3.2. Segunda hipótesis: desarrollo de las actividades de construcción y enajenación de inmuebles destinados a vivienda junto con otros negocios:

a) Para estas compañías procede la toma inmediata de posesión de los negocios, bienes y haberes o su liquidación forzosa administrativa por ser un régimen de excepción, especial frente al régimen general del concordato, y

b) Lo dicho se fundamenta en el artículo 12 de la Ley 66 de 1968, según el cual se puede tomar inmediata posesión de los negocios, bienes y haberes de las personas jurídicas o naturales que se ocupen de las actividades de que trata la Ley 66 de 1968 y de lo expuesto en el numeral 1º que se refiere al no pago oportuno de las obligaciones (resaltado).

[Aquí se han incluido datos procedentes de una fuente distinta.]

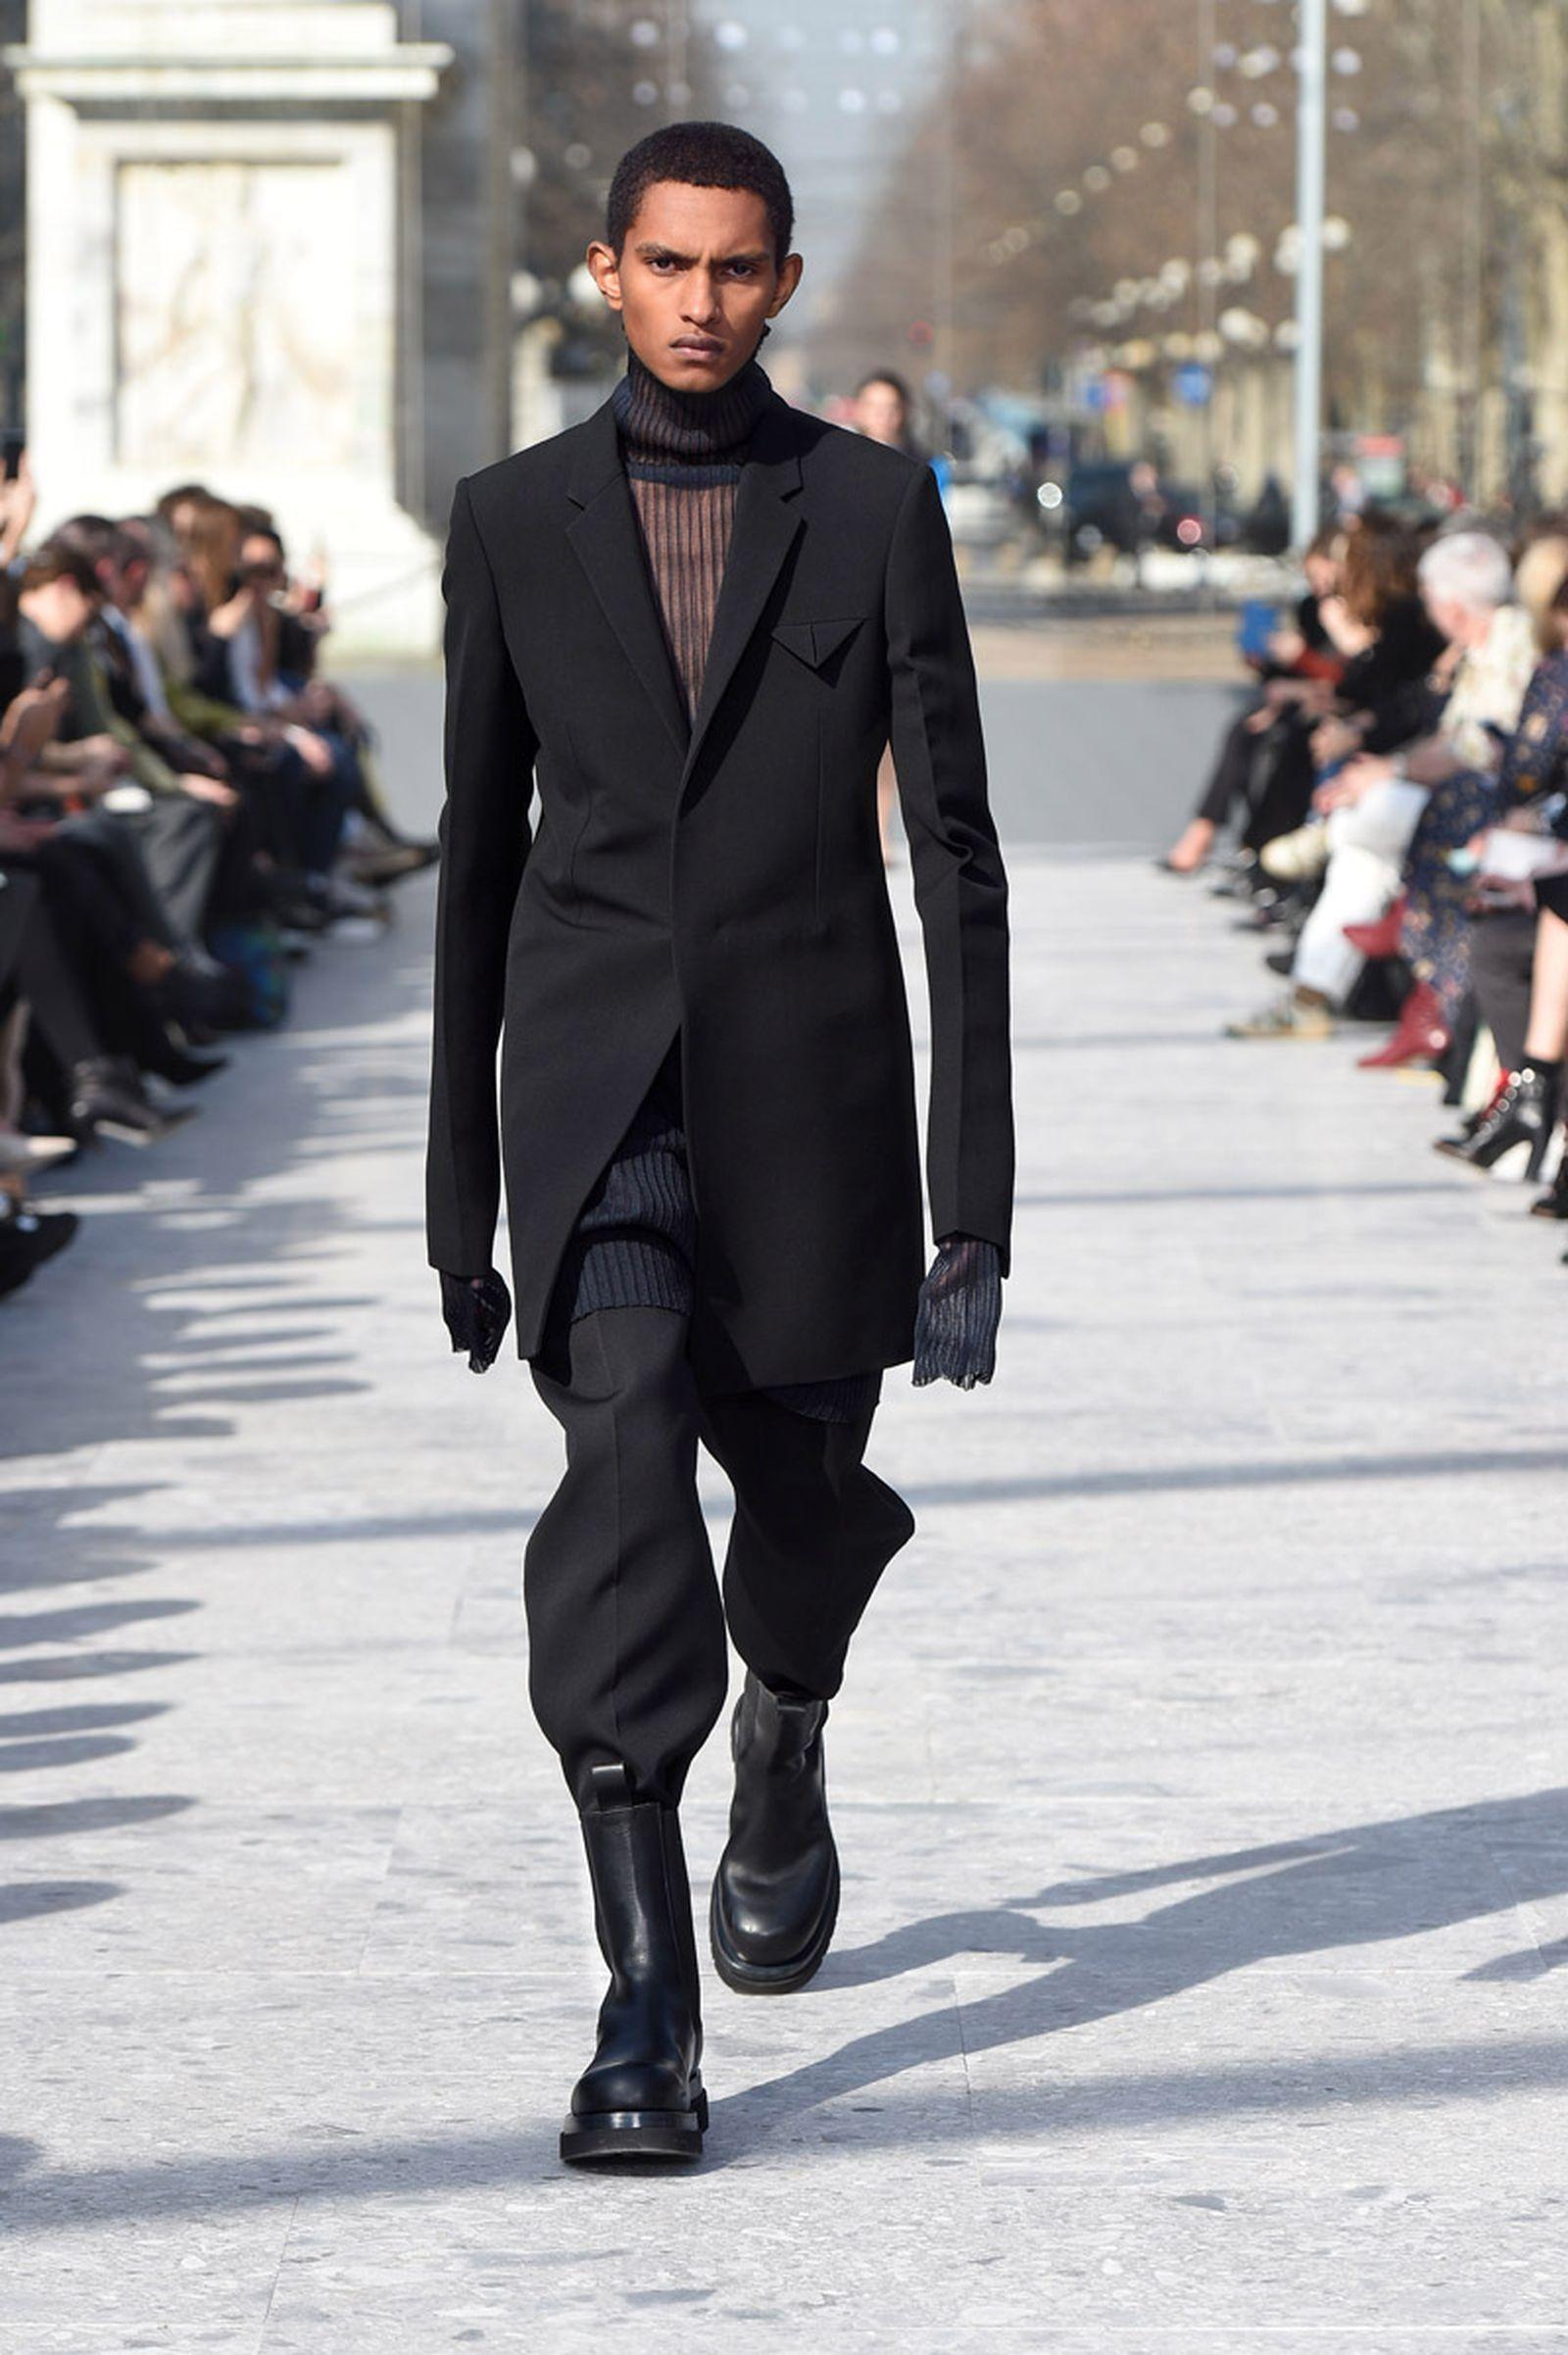 bottega-veneta-is-bringing-timeless-luxury-back-to-fashion-30
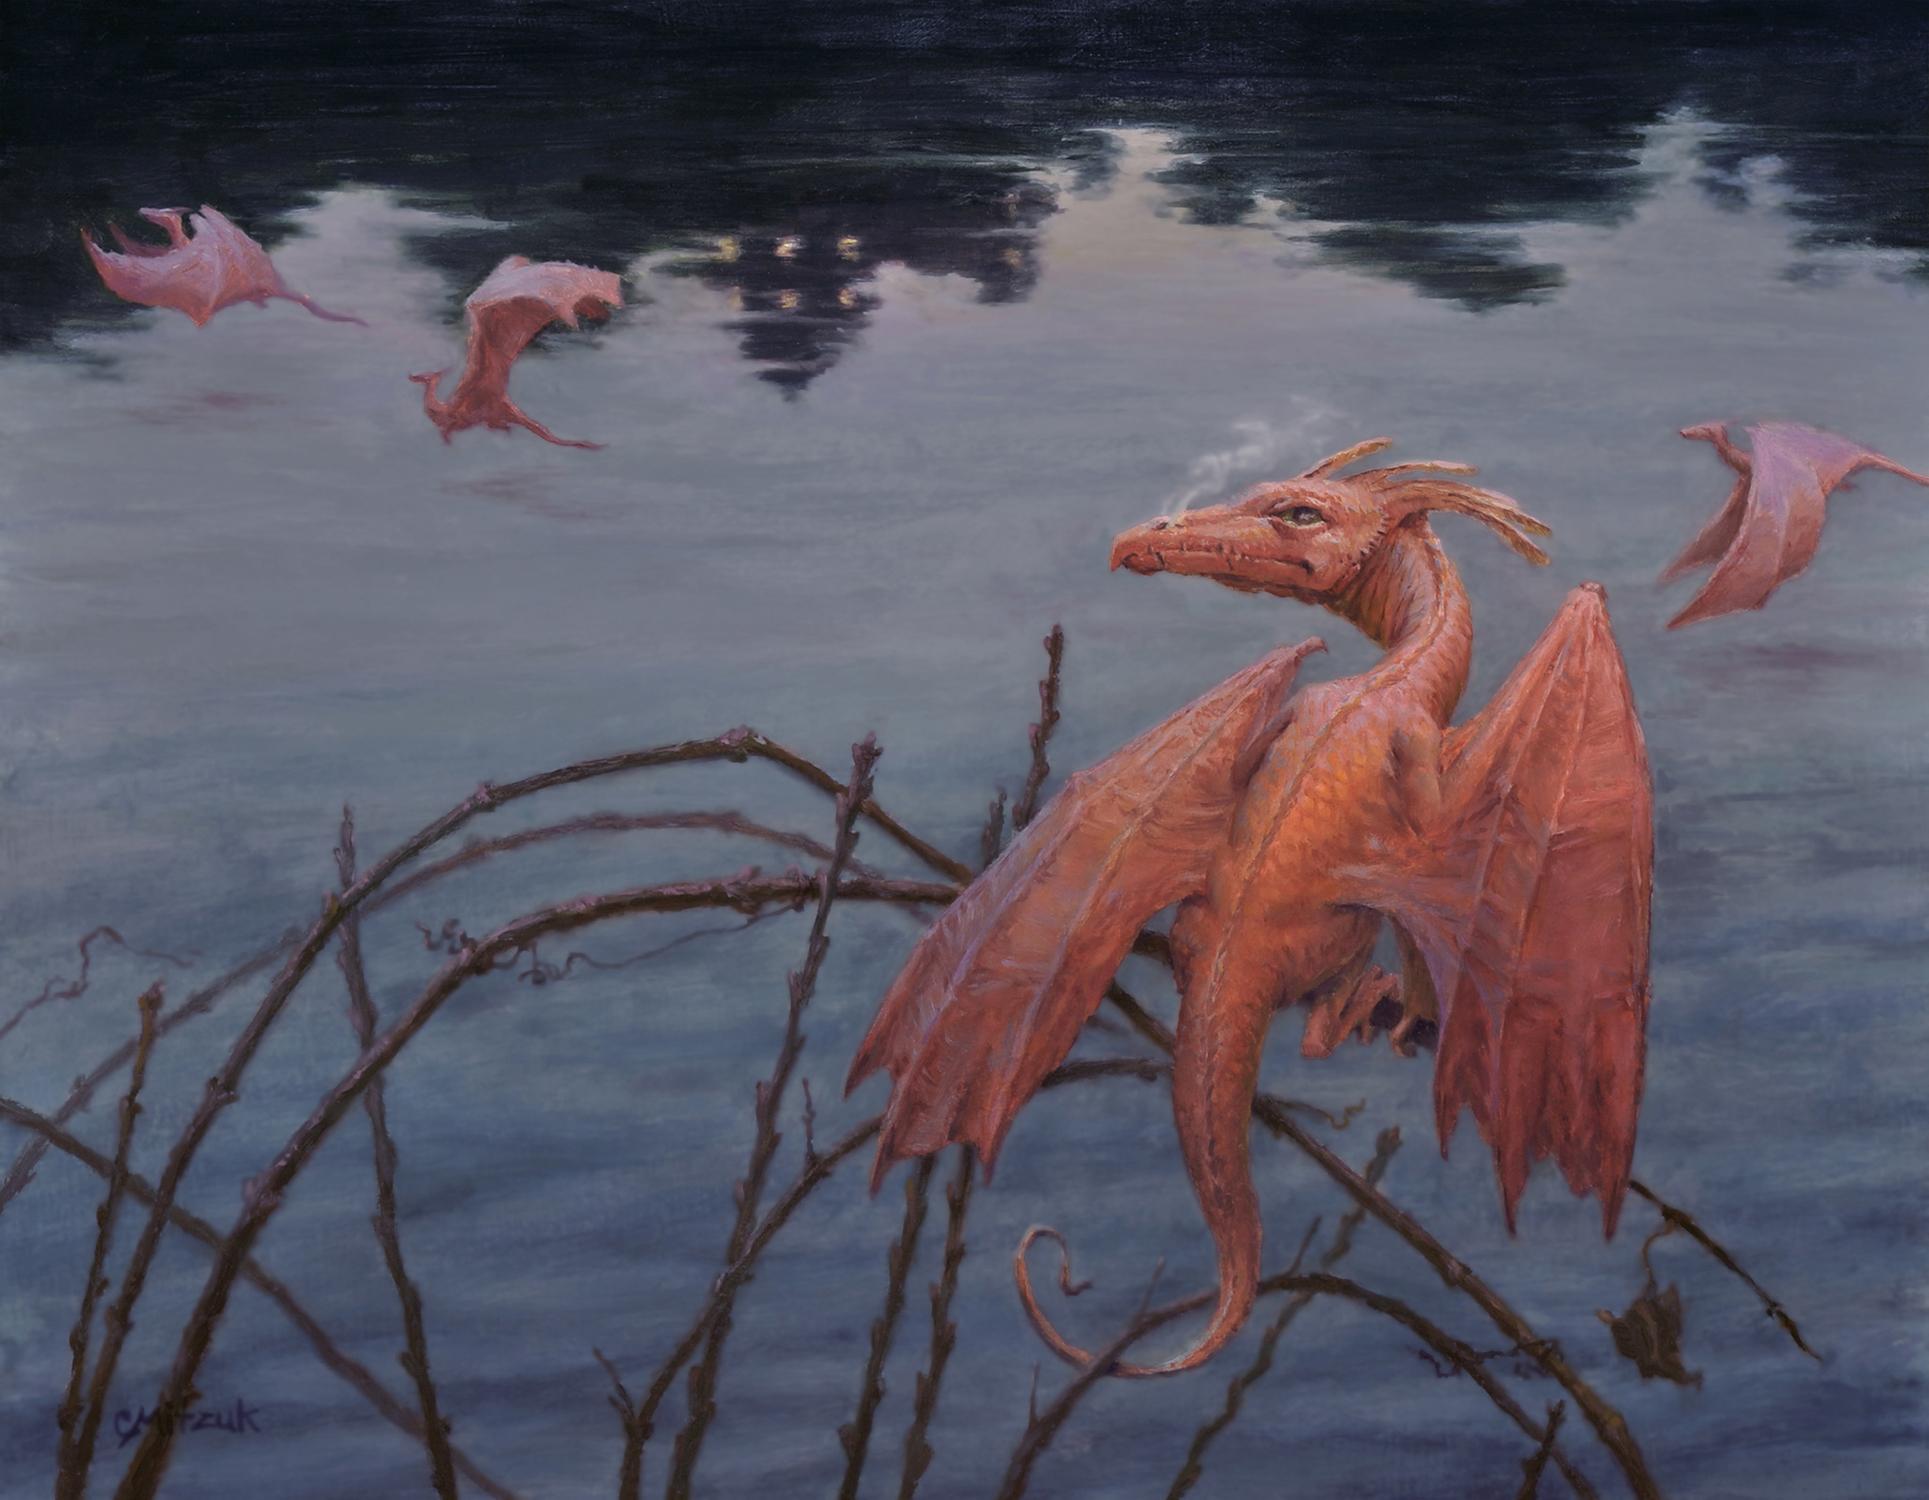 Flight at Dusk Artwork by Christine Mitzuk

3.3. Tercera hipótesis: el objeto social es diferente a la construcción y enajenación de inmuebles destinados a vivienda, pero por causas legales o convencionales, como una convención colectiva de trabajo, la sociedad desarrolla planes o programas de vivienda. La compañía que se encuentre en esta hipótesis podrá acceder a cualquiera de los procesos concursales que conoce esta superintendencia: el concordato o la liquidación obligatoria, conforme al artículo 17 del Decreto 2610 de 1979 que modificó el artículo 42 de la Ley 66 de 1968 que al respecto dispone: "Se exceptúan de las disposiciones de este decreto los planes de crédito con destino a la construcción o adquisición de vivienda que desarrollen las empresas en beneficio de sus trabajadores bien voluntariamente o por obligación legal o contractual".

3.4 Cuarta hipótesis: desarrollo exclusivo de negocios diferentes a la construcción y enajenación de inmuebles destinados a vivienda. En estos casos sí será posible acceder al proceso concursal ante esta superintendencia.

N. del D.: Esta circular va dirigida a los representantes legales, personas jurídicas dedicadas a las actividades de construcción y enajenación de inmuebles destinados a vivienda.